The name tsavorite was coined by Tiffany’s president Henry Platt around 1970 to honor the fact that the gem’s principal mining deposits were close to Kenya’s famous Tsavo National Park. Tiffany's diamonds and Tiffany's diamond jewelry had always been the staple of their jewelry stores.
Tiffany’s and green garnet go back a long ways. In the 1870s, the store’s legendary gem buyer George Frederick Kunz had been among the first to buy and publicize demantoid garnet. Naturally, Tiffany’s was the logical candidate to introduce tsavorite.
Without a doubt, the Tiffany’s connection proved of great benefit to tsavorite. The gem was quickly mainstreamed and became a jewelry staple. Then in the 1980's, supplies became a trickle and it was believed that this new garnet species was head for extinction. For more than a decade, stones of 1 carat and more were rarities. And the stones that were available looked too much like peridot to keep this gem’s audience.
But just when the future looked bleakest for tsavorite, important large finds were made in Tanzania and Kenya. Suddenly, larger sizes started appearing on the market, along with stones of fine color.
Now there’s been another first for this garnet.

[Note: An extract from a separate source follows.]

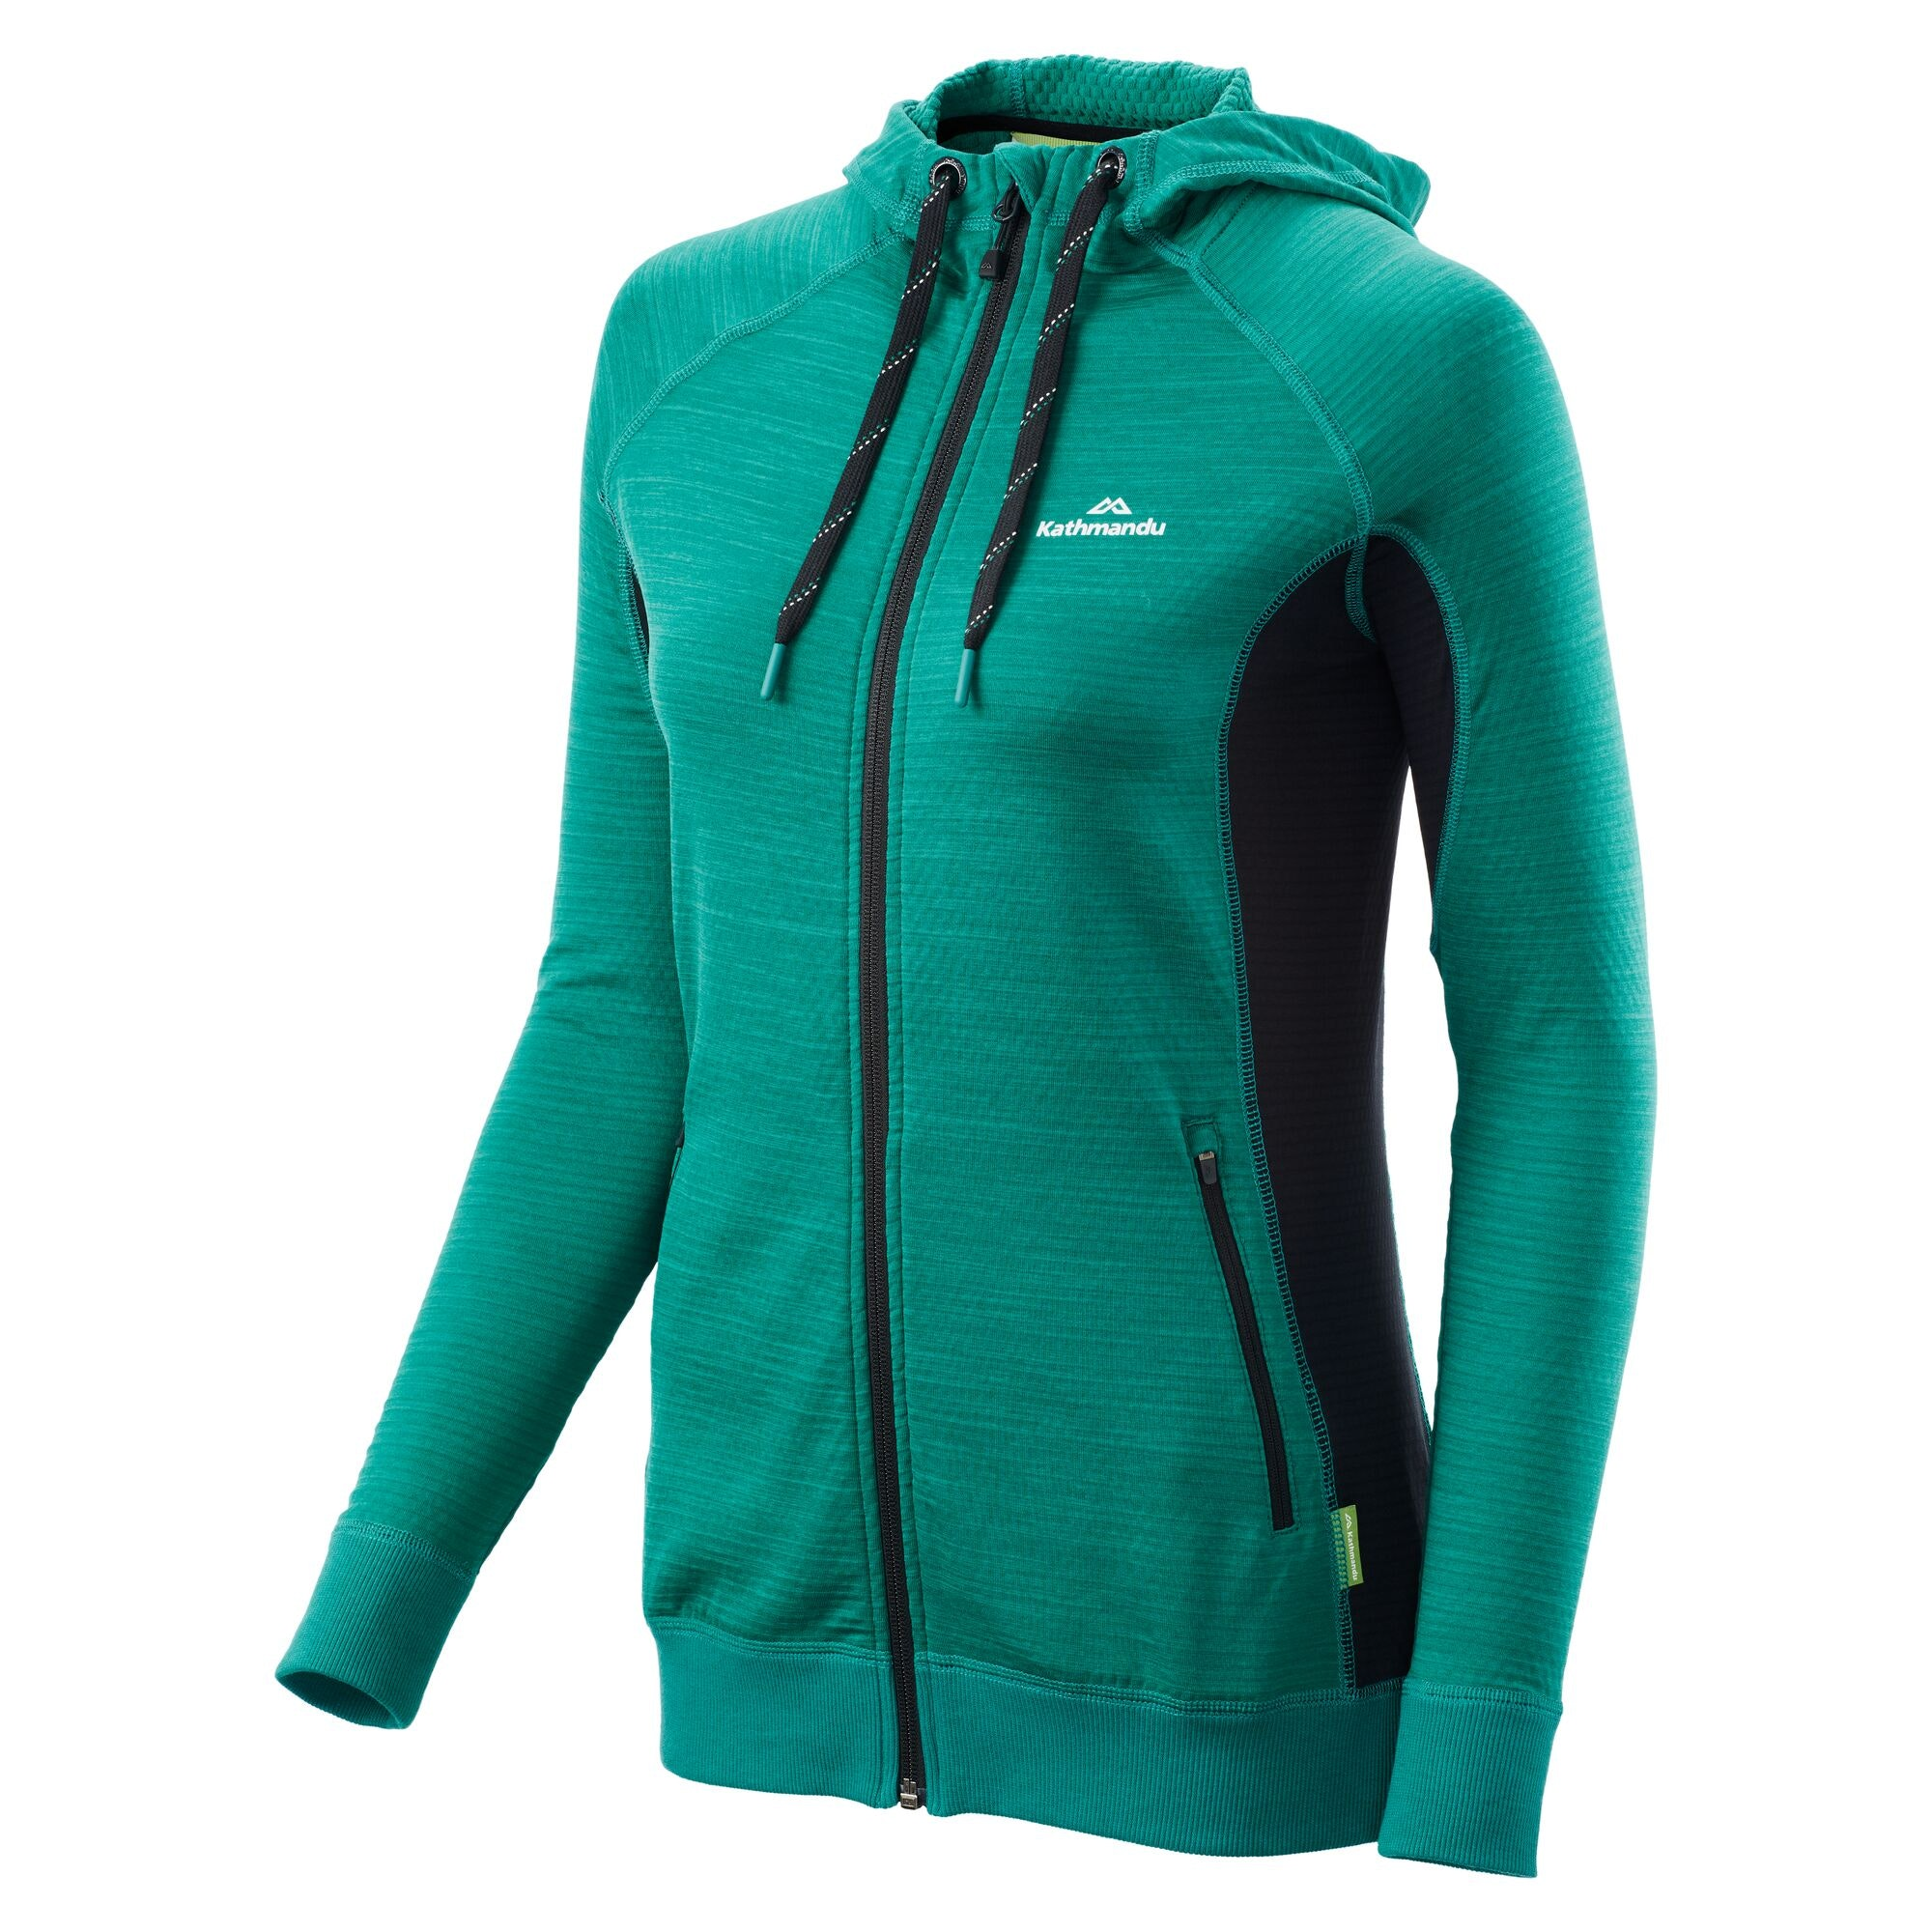 NEW-Kathmandu-Acota-Women-s-Hooded-Fleece-Lightweight-Breathable-Outdoor-Jacket thumbnail 14

Until 2000, tsavorite was known as an East African gem, found only in Kenya and Tanzania. That year, however, the first green grossular garnets were found in Madagascar, also. As this gem’s geography broadens, so will supply. That means tsavorite is ready to make a big comeback. It couldn’t happen to a finer gem. As one of the few gems that is not routinely heated to improve its color, tsavorite is one of the few remaining all-natural gems left.